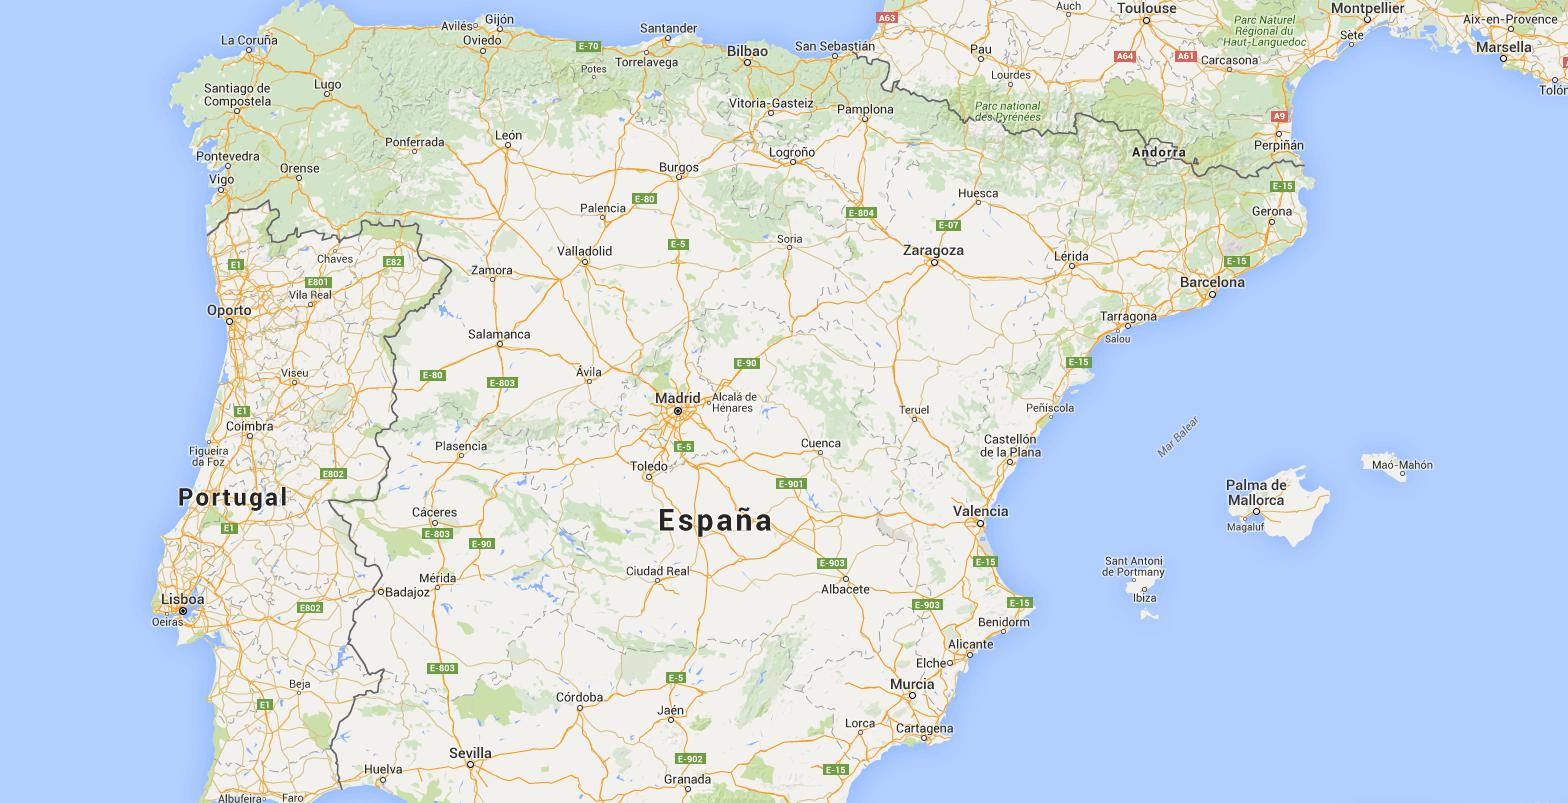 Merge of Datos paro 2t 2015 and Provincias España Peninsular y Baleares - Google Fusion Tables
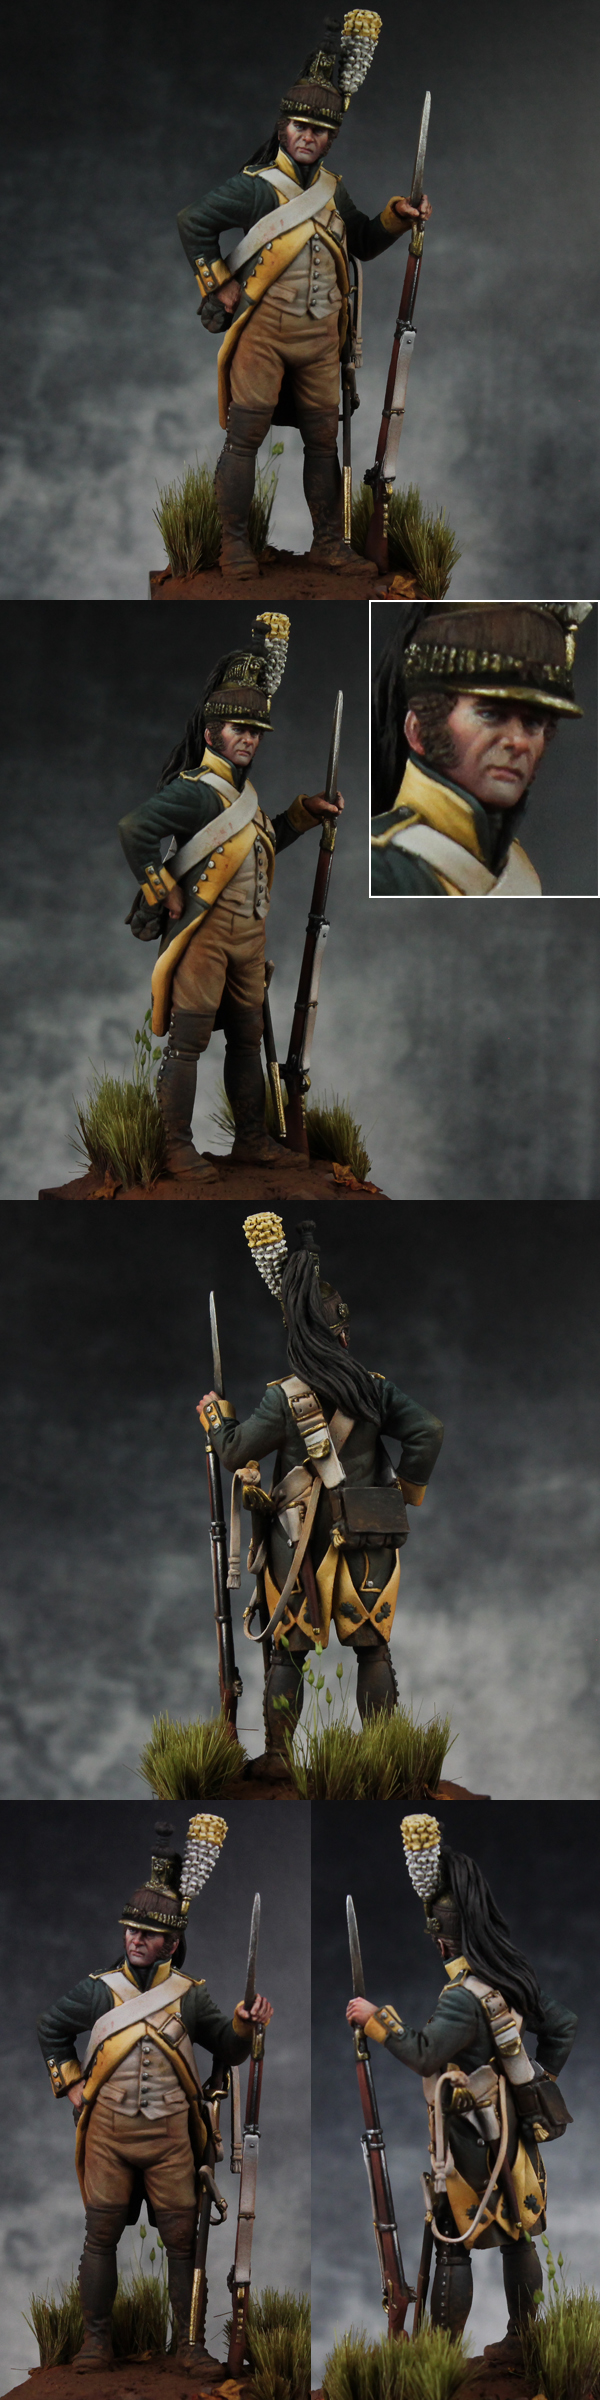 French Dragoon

=====

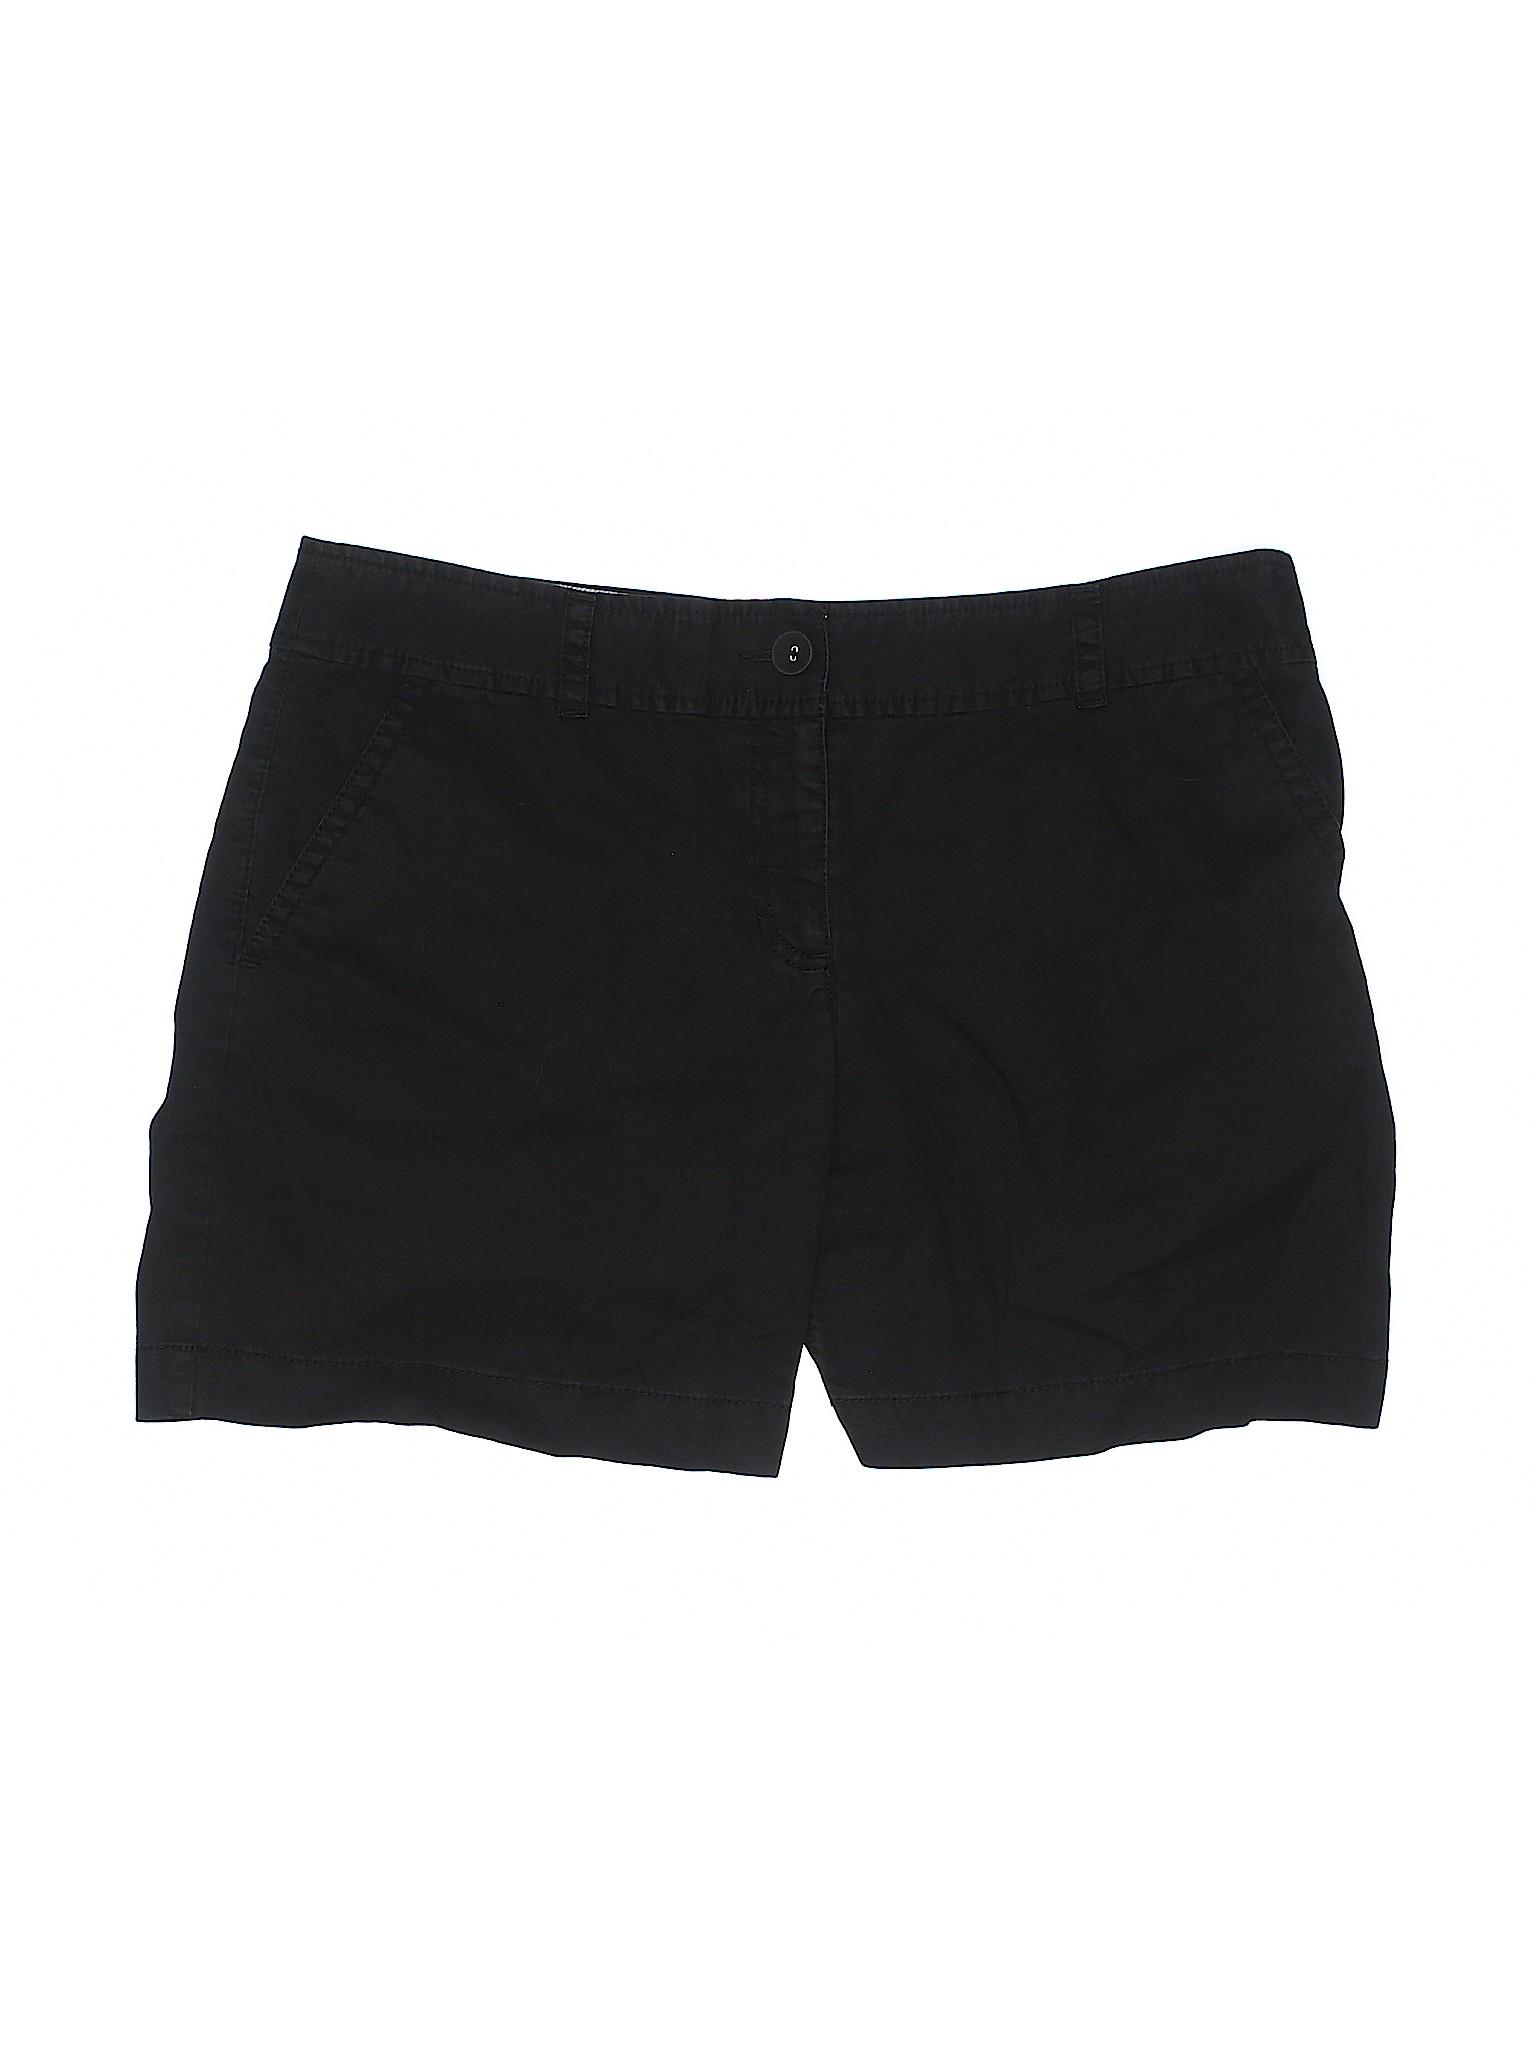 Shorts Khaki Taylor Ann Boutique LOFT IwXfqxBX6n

=====

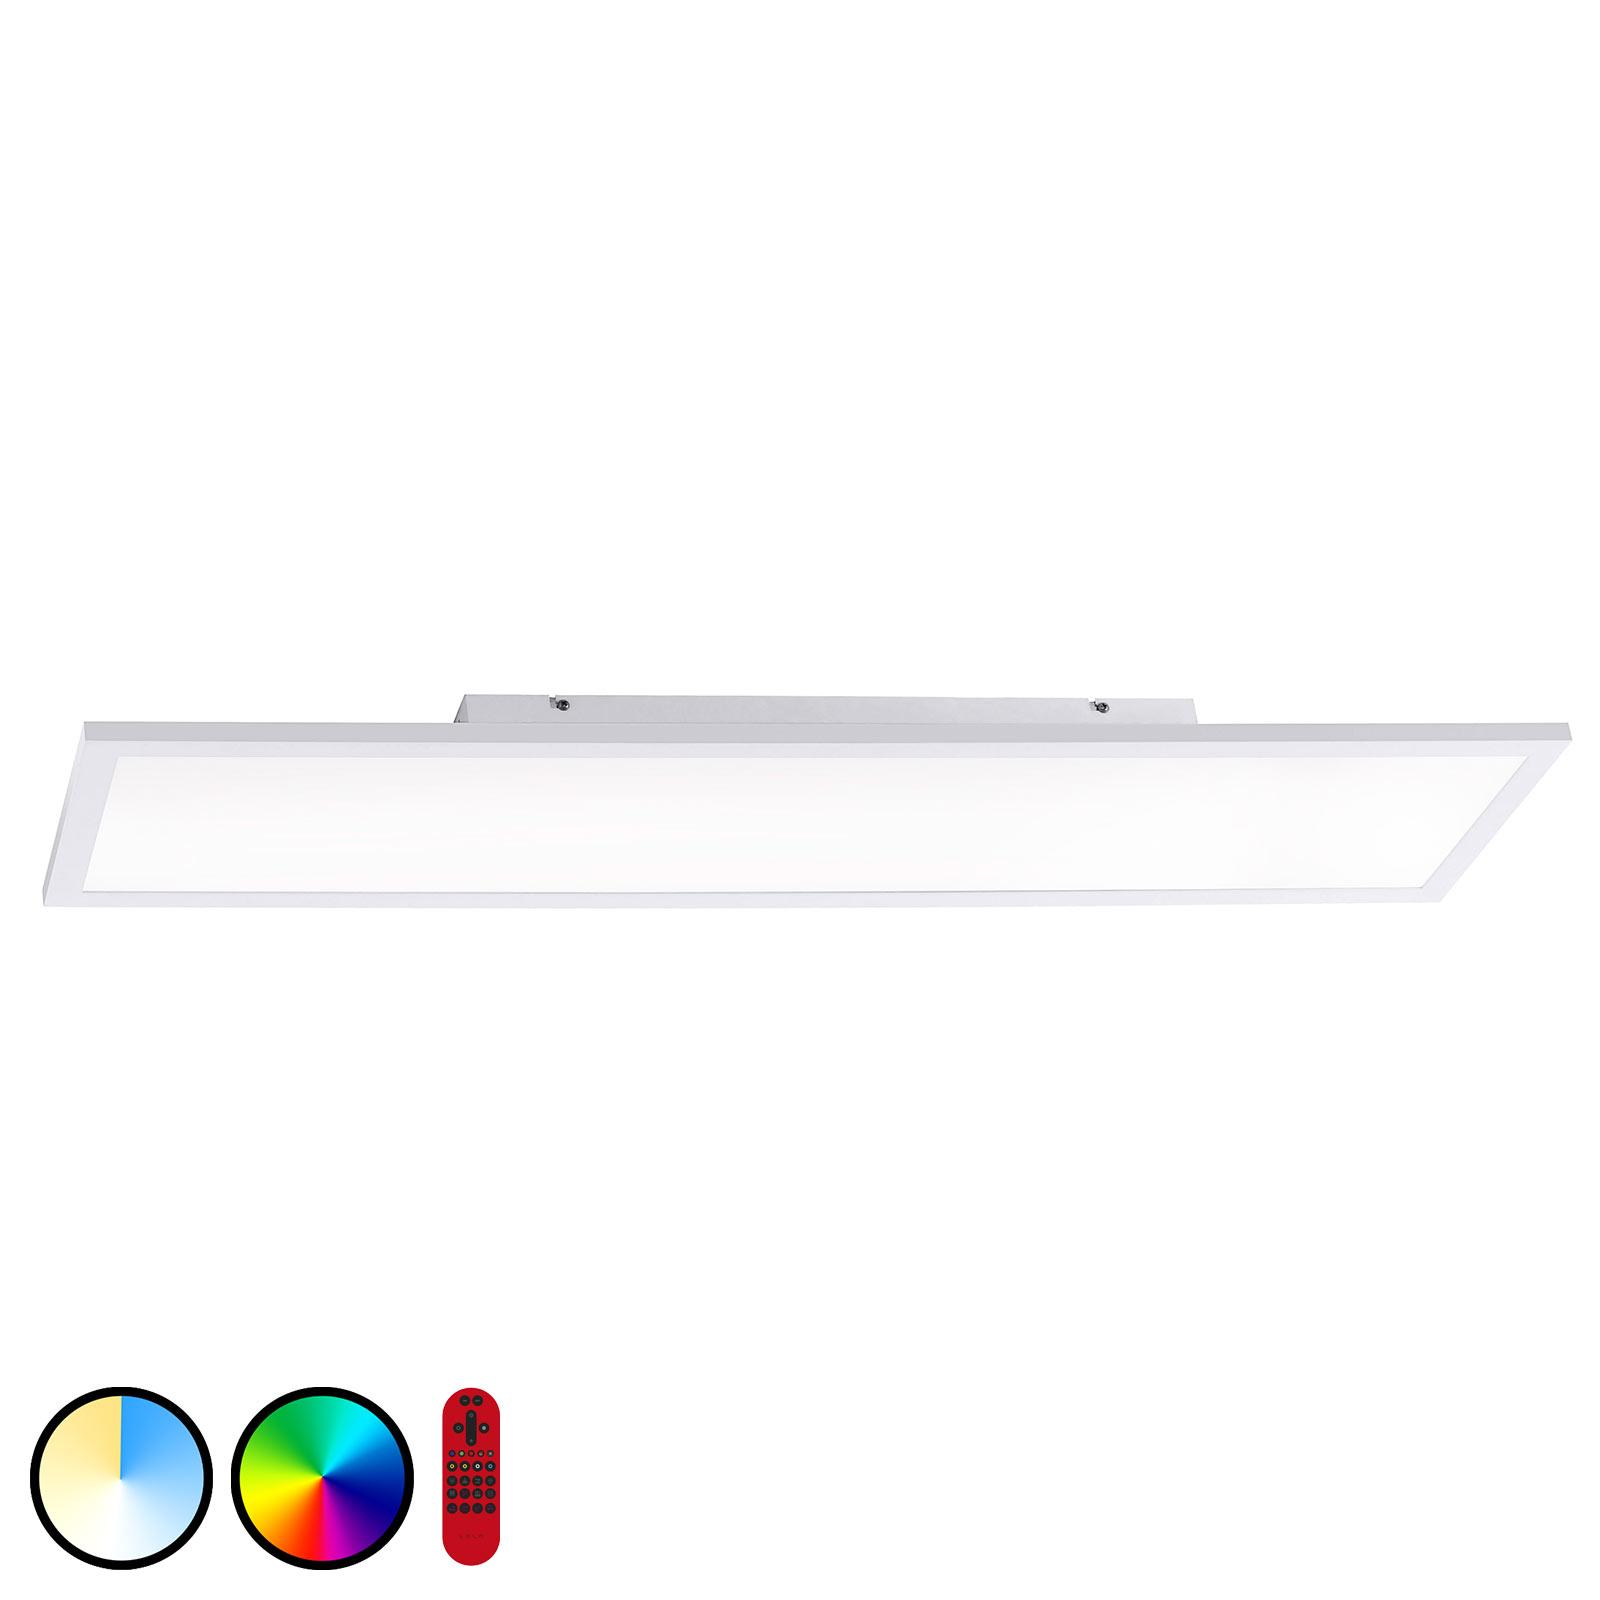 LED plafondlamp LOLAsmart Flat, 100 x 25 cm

=====

> _YOUR INSTRUCTIONS_
Where a picture appears in the records above, omit it, and transcribe exactly the stretch of lines from the one with "Merge of Datos" through the one with "French Dragoon".

> _WRITTEN SOLUTION_
 Merge of Datos paro 2t 2015 and Provincias España Peninsular y Baleares - Google Fusion Tables
 French Dragoon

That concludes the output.